After lung transplant
Recipients, after lung transplantation, are treated with three types of anti-rejection drugs (immunosuppressants). These are: cyclosporine or tacrolimus, azathioprine or mycophenolate, mofetil And prednisolone. In most centers, then, patients receive post-operative prophylaxis against cytomegalovirus (CMV) infection with antiviral drugs.
The follow-up (close control of the operation) after a lung transplant is extremely complex and requires a high level of cooperation from the patient. The main objective is to avoid, recognize and treat all complications in advance. Apart from the patient's cooperation, regular examinations, contact with the transplant center, chest x-ray examinations, laboratory tests, pulmonary function tests and bronchoscopies are also essential. In the initial phase, lung function usually improves continuously and reaches a plateau (state phase) after about 3 months. Then, the values vary only slightly. A decrease in lung function value of more than 10% may be indicative of a serious problem such as rejection, infection, airway obstruction, or obstructive bronchiolytic syndrome (BOS). To diagnose a transplant complication early, some centers recommend evaluating the spirometry at home: the patient is in fact discharged in possession of a spirometer issued by the hospital, and has the task of checking his spirometry twice a day and contacting the center in case this was abnormal.
Organ dysfunction after transplant
In the initial phase of lung transplantation, there may be a dysfunction of the transplanted organ (initialed as PGD), characterized by diffuse and visible lung infiltrations, but not always, by conventional Computed Tomography and, only if very numerous and severe, by radiography of the Chest.
PGD occurs in 11-60% of patients; its development in the early postoperative period would adversely affect their long-term survival. Researchers found that PGD, in its most severe form, exposes patients to a high risk of mortality after transplantation, therefore it is necessary to increase the period of intensive care and the days of post-operative hospitalization.
For the evaluation, classification and definition of PGD, many scholars have thought they could use a new high resolution computed tomography, called HRCT (High Resolution Computer Tomography) or MSCT (Multi-Slice Computer Tomography), which is capable of performing tomographic scans (ie to scan and represent, thanks to X-rays, extremely thin "slices" of portions of the human body) at high resolution. Its use has been tested and approved in studies on cystic and pulmonary fibrosis, and on chronic obstructive bronchitis with or without pulmonary emphysema, in which it has proved to be an extremely useful tool for characterizing the disease.

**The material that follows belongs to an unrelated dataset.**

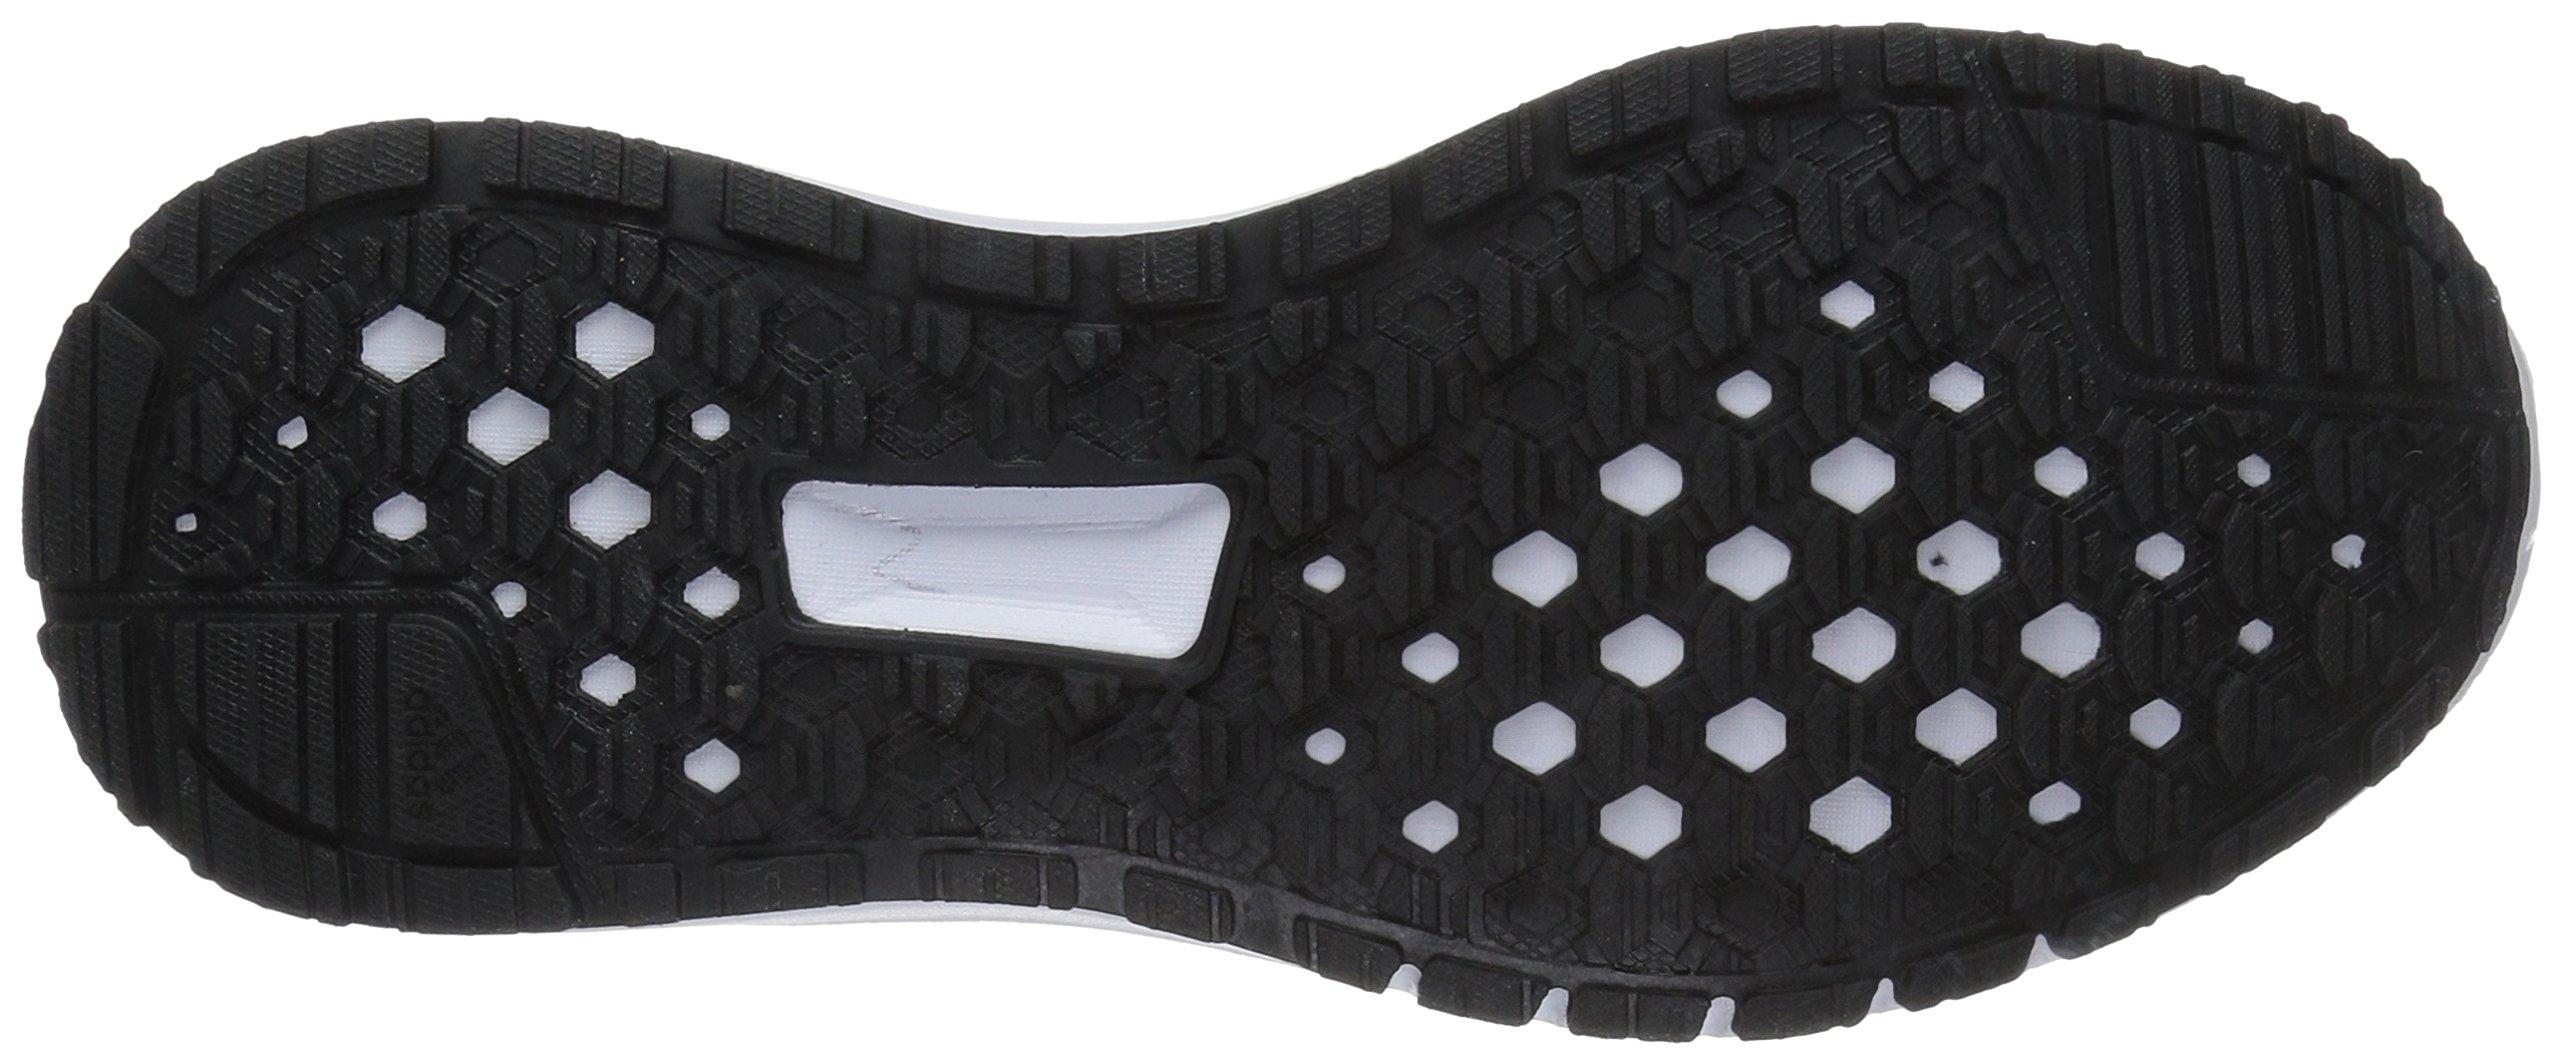 adidas  Men's Energy Cloud Wide m Running Shoe, BLACK/UTILITY BLACK/WHITE, 10.5 2E US by adidas (Image #3)
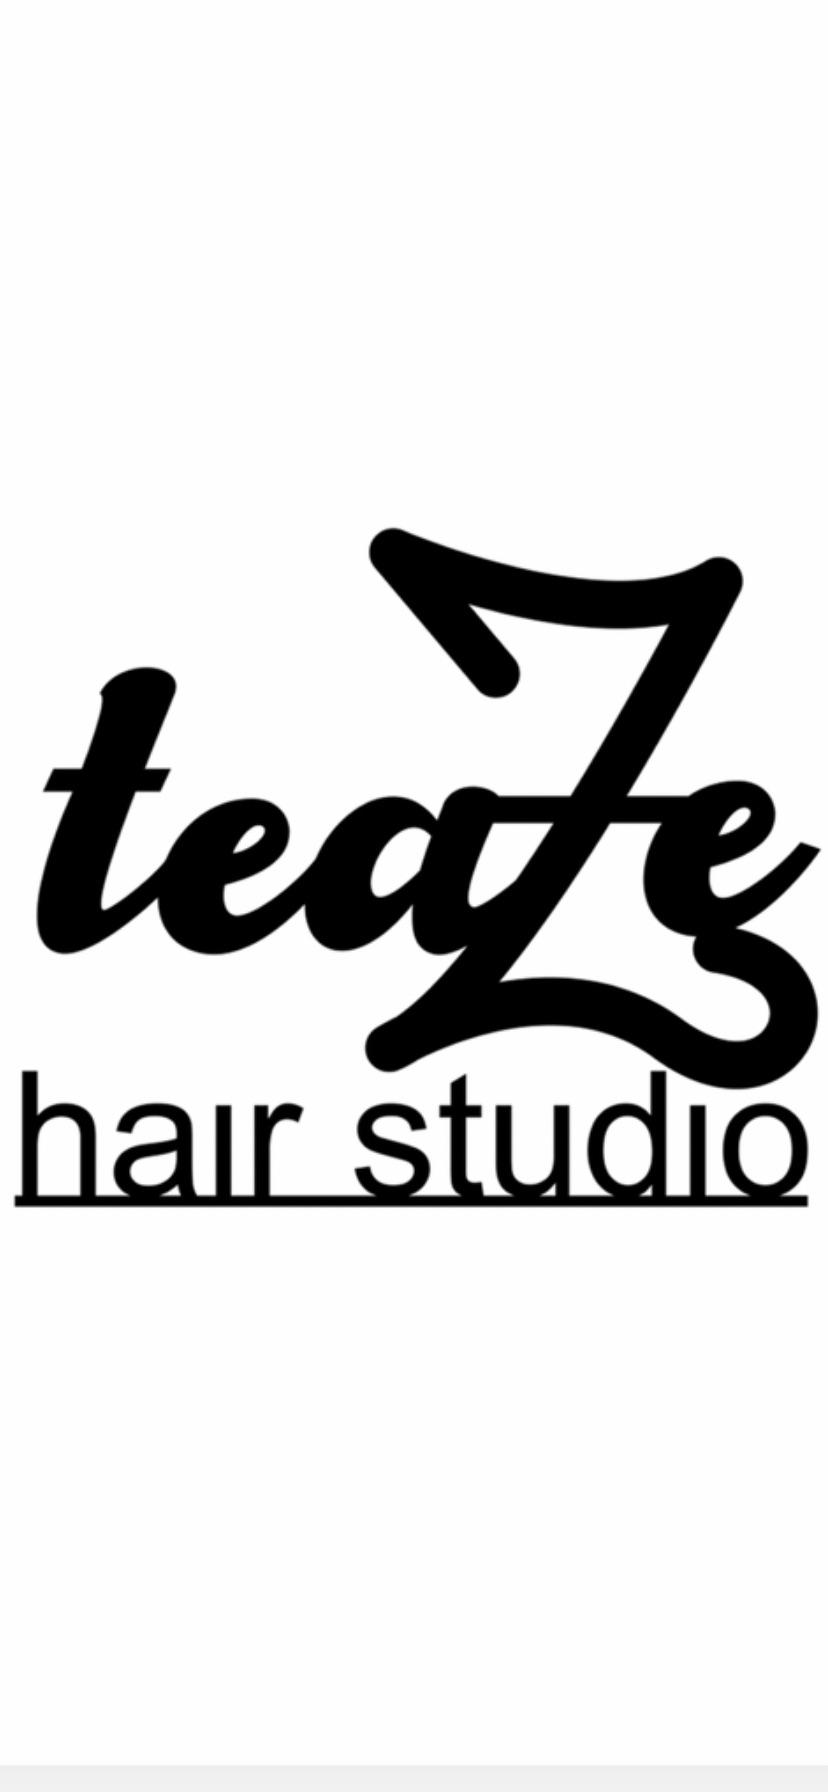 teaZe hair studio

However, the use of this new machine on PGD has not yet been sufficiently tested to monitor the first phase, the most critical one, after a lung transplant, even if the results seem promising and it is thought, in the very near future, to In fact, the pulmonary structure anomalies visible on CT scan are closely linked to the severity of the disease, and it is therefore recommended, to evaluate PGD, to consider the use of HRCT. The scan plane with HRCT (or MSCT) that you plan to use after a transplant is shown in the Table 2.
It has been shown that even the smallest airways can be optimally visualized using this technique, thanks to the machine's ability to produce high resolution scanner overlays from 0.5mm to 1-2mm thick. whole chest. The advantages of HRCT are represented by the fact that even small details are available and the ability to distinguish areas of lung parenchyma that show different pathological pictures. A potential disadvantage, however, is given by the exposure of patients to high doses of radiation.
Table 2 - MSCT scan plane
First MSCT: Third day post lung transplant: Major lung changes are expected at this time.
Second MSCT: Fourteenth day post-transplant. Biopsies will be done before the scan in order to avoid artifacts. Most patients with PGD will have a normal chest X-ray, while clear morphological changes in lung tissue will be observed with MSCT.
Third MSCT: Three months post-transplant: Most patients have achieved stable lung function, near the maximum achievable after transplant. Thus, at this stage, the risk of developing PGD is now out of date.
Fourth MSCT: Twelve months post-transplant. Patients will be fairly stable so any changes found to the lungs at this time will most likely be chronic.